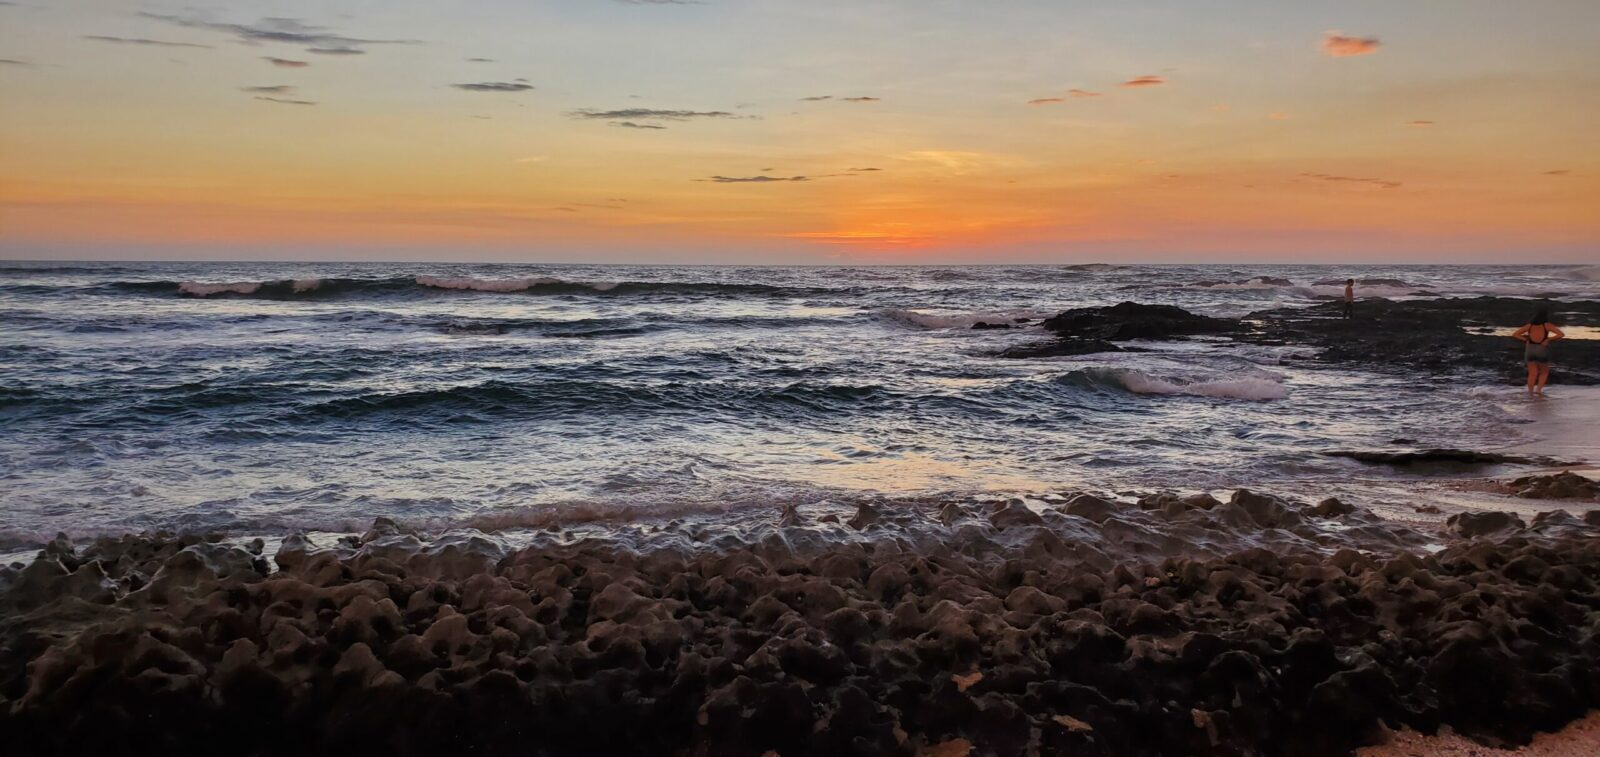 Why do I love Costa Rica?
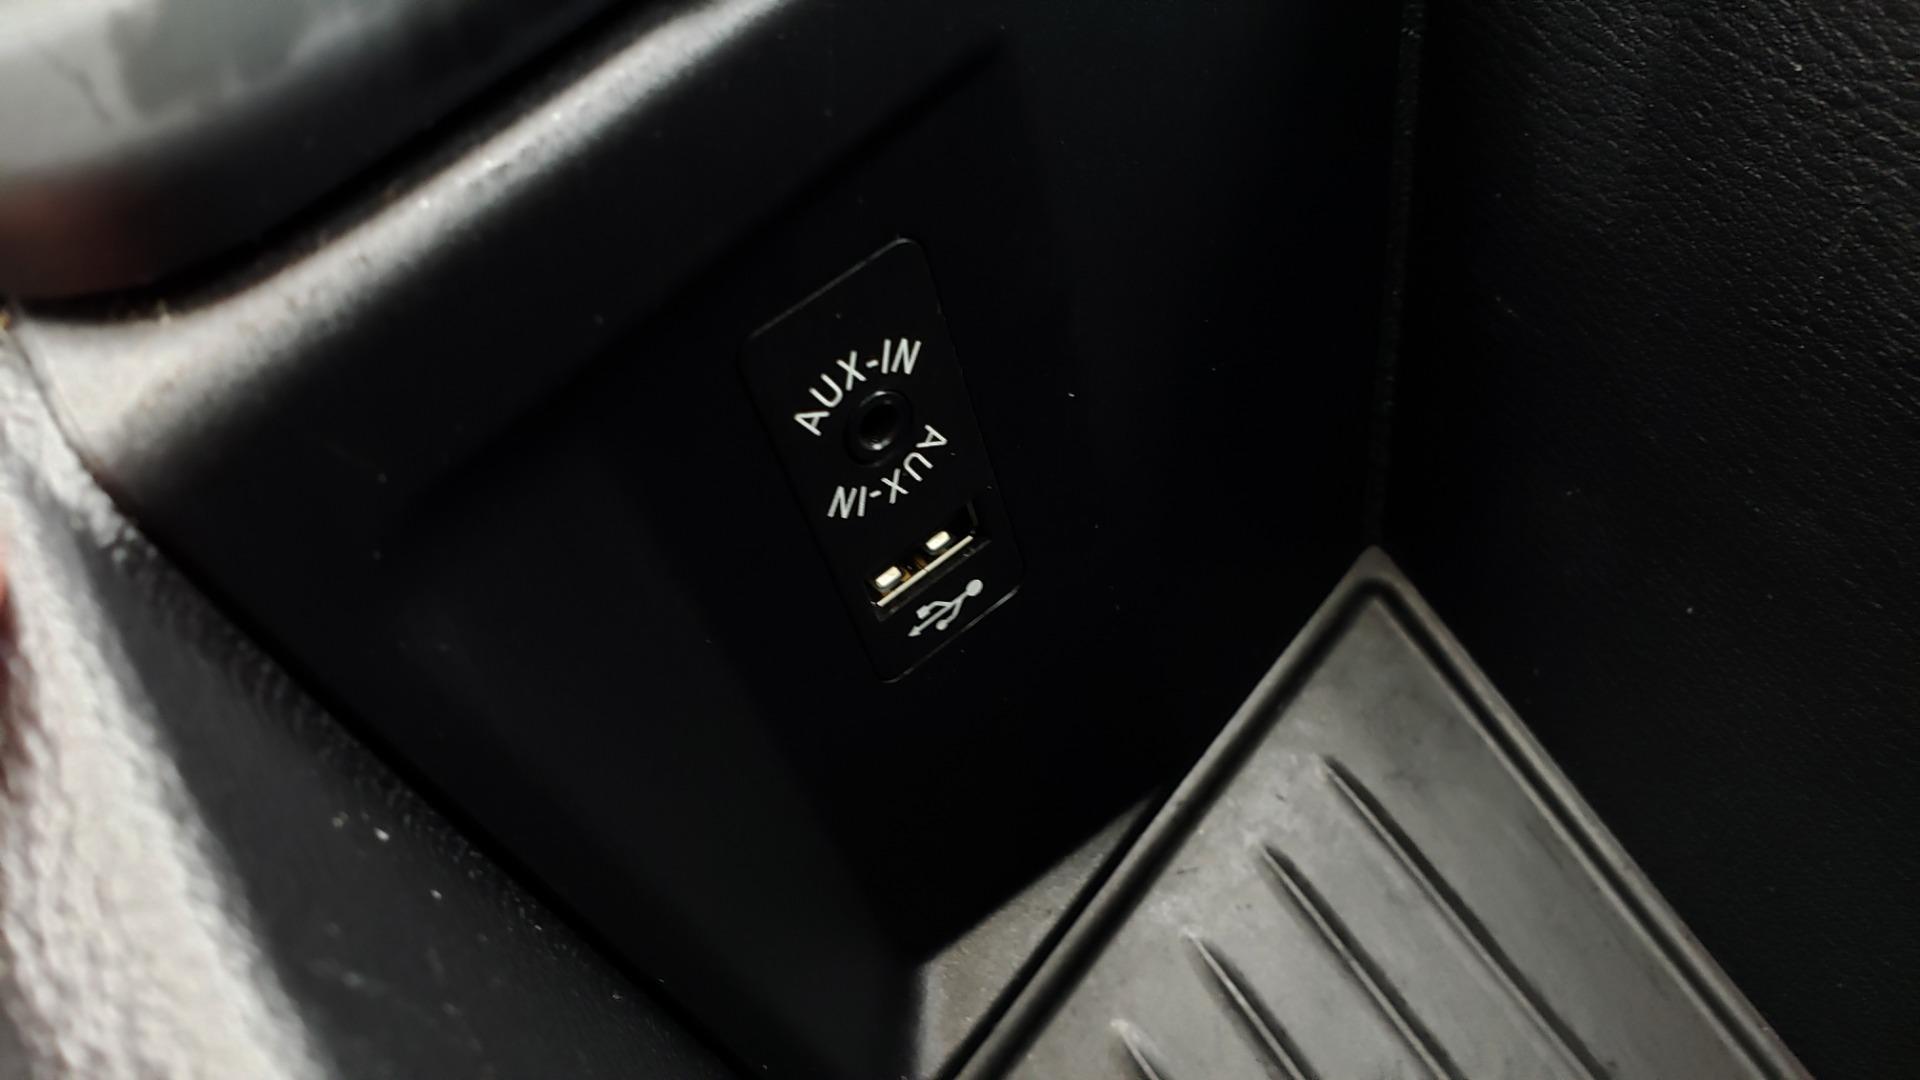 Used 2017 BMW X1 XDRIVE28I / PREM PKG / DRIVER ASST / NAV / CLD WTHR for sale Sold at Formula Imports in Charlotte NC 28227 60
--
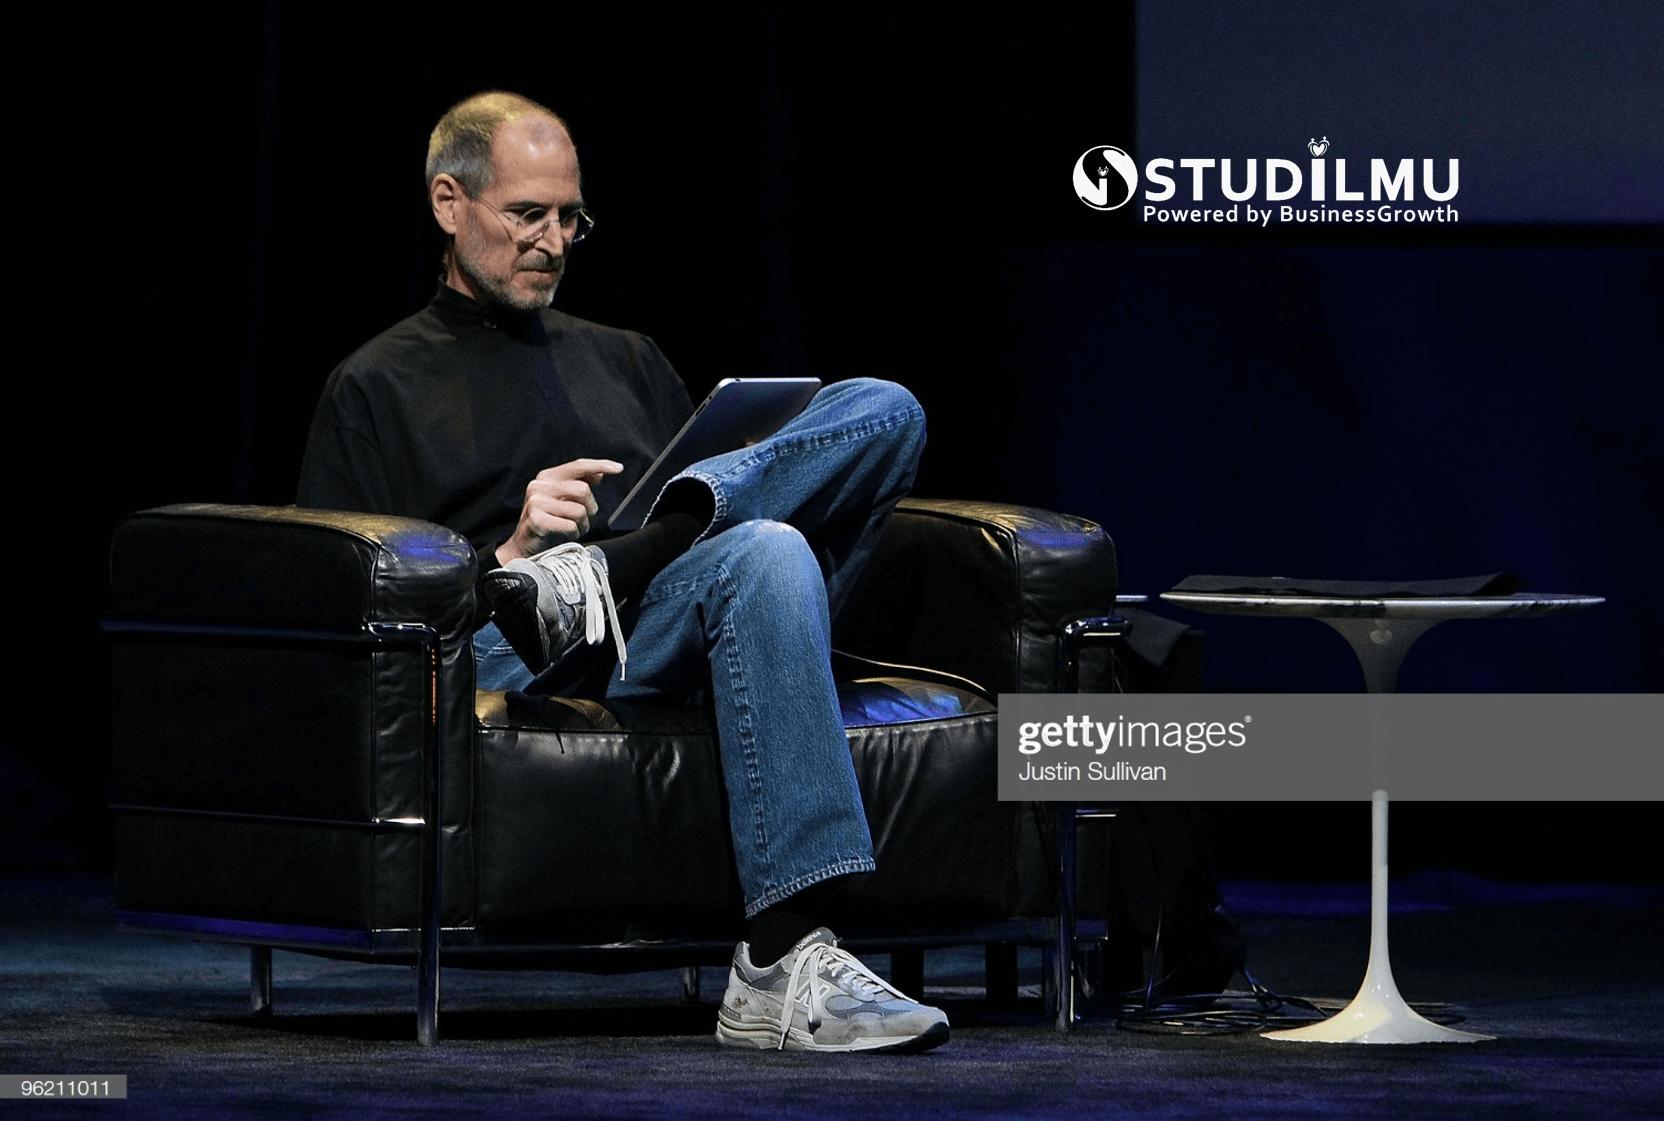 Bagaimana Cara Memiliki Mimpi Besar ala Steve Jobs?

- [What to work on] Transcribe, word for word, the lines of the listing above from the one that contains "Why do I love Costa Rica?" through the one that contains "Used 2017 BMW", keeping both ends and dropping the pictures.

- [Exercise result]
 Why do I love Costa Rica?
 Used 2017 BMW X1 XDRIVE28I / PREM PKG / DRIVER ASST / NAV / CLD WTHR for sale Sold at Formula Imports in Charlotte NC 28227 60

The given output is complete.